When asked about the department's prior policy, she stated, "The policy dictates first of all that all of our prisoners should be treated with respect."

Smith asked, "Surely it wasn't written in such a way that it would allow an officer to drag somebody off to jail?"

"It's not allowing," she replied. "No policy, I would think, no department policy would allow such a thing. In our policy, as I said, it gives the procedure as well as our training of when you have a defendant that is resisting, of all of the procedures of what to do, how to get them in a manner that we can safely transport them. He did that. He had the person in the vehicle as he should have. All that was done within our procedures. The problem became once we arrived at booking, that's where there was a little gray area with our policies, which we are fixing."

She explained that, "With Officer Van Treese, he thought independently that he could handle it and what the best response for him would have been to call for assistance."
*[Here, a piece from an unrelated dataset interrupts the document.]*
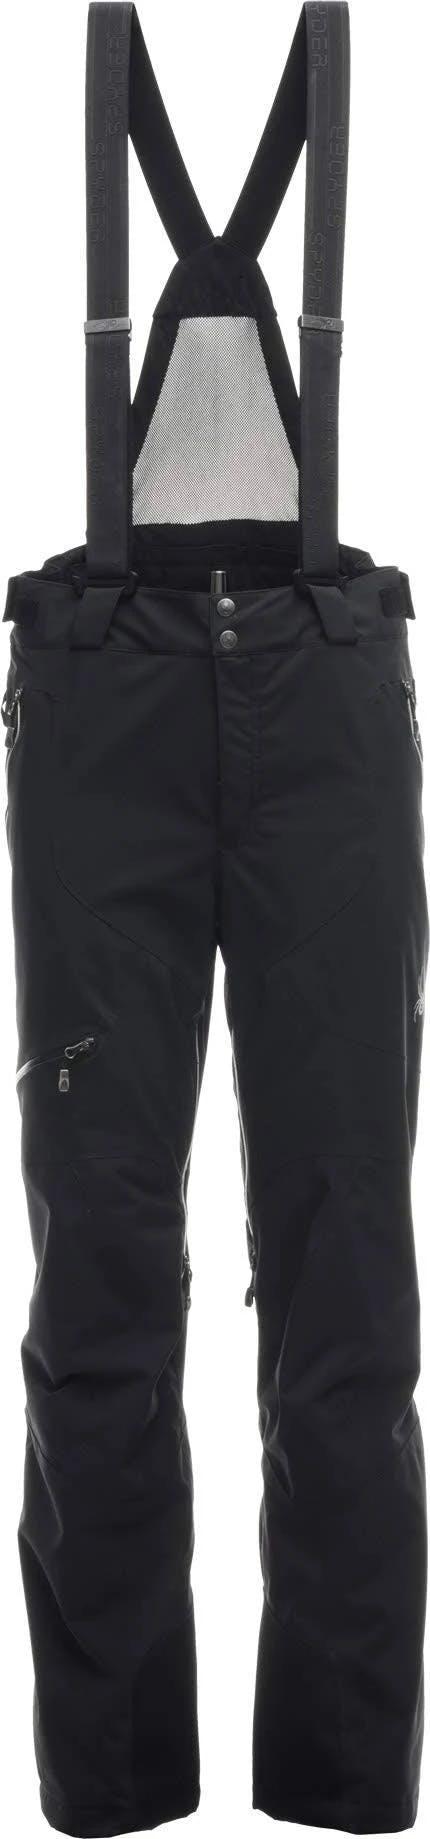 Spyder Men's Propulsion Pant XXL / Black/black

The Tampa Police Department has now made a major change in their policy that would require two officers to handle a passively resistant arrest.
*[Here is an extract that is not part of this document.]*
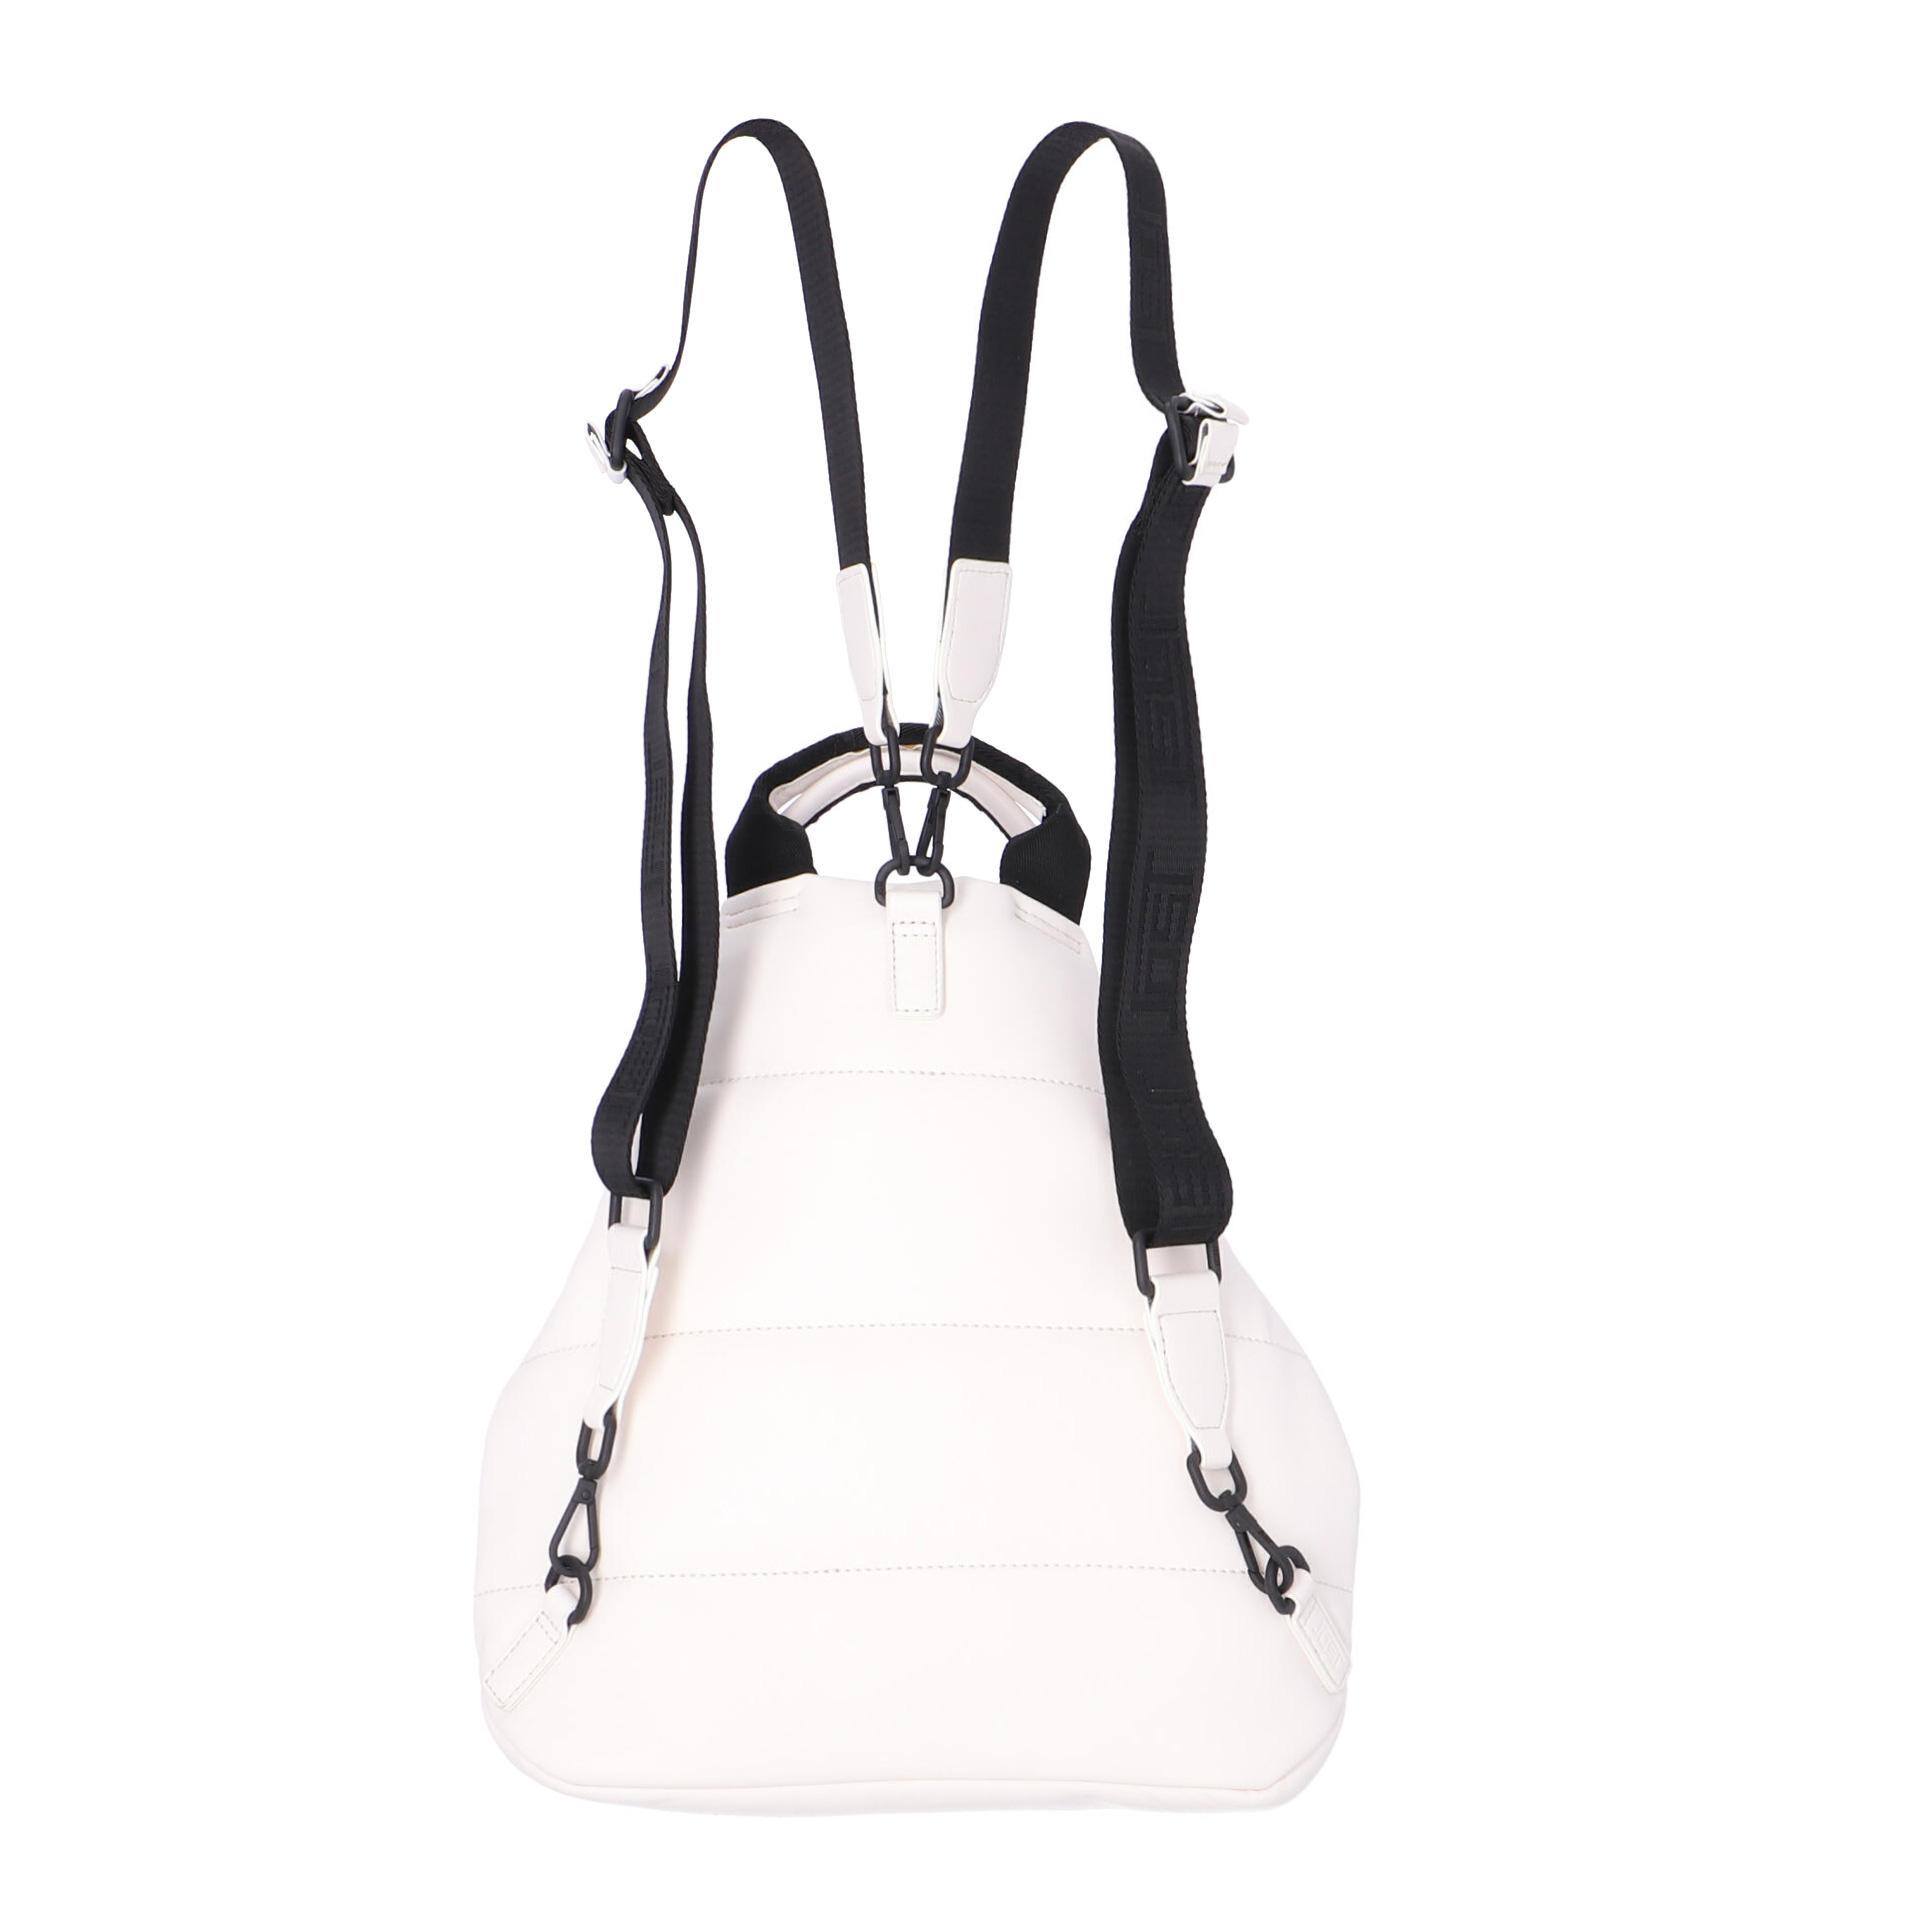 Jost Kaarina X-Change Bag XS aus Recycling Material offwhite

However, she also defended the officer, saying, "His mannerism was not of malice, he did not do any of that. His position was that he was just trying to finish his mission so that he could go back in service and unfortunately he used bad judgment in the process of doing that."

In addition, she denied Mimminger's allegations that she could not get up and walk, saying, "I concluded that it was not a misunderstanding, that it was deliberate. She knew exactly what she was doing at the time when they had to use additional restraints to get her into the car. If she did not have the strength I would think that her legs would've fallen, her legs remained up in the air. Once she was inside, because I continued the video and watched what happened when she was inside the booking area, I watched her get up and walk out with the paramedics that came."

The jail medical staff refused to book Mimminger into the jail, citing her medical condition. She was taken to the hospital instead.

"Is there really a need to drag a suspect through the sallyport and into the jail?" asked Doug Smith.

"That's what we're fixing," said Major Hobley-Burney.

She added that the Tampa Police Department cares about Mimminger's future, saying, "What I would love to do is to provide resources for her. We would love for her to be successful in life and that's one of my goals is that if she's willing to accept it, we're willing to offer it. I just want to see that she gets help."

The American Civil Liberties Union of Florida also watched the video and released this statement:

"It is always extremely troubling whenever police abuse their power or compromise an individual's civil rights and human dignity. Even as more information is coming to light, questions remain about the way Tampa police handled this case and whether the officers involved followed the appropriate procedures.

"We are pleased that the department took action to reprimand the officer involved and has changed its policy, but that is only the first step: the real test of whether the police are protecting the community they serve is how they follow the law and respect the rights of the people they interact with. The ACLU will be watching to ensure that the changed policy means that what happened to Sonja Mimminger never happens in the city of Tampa again."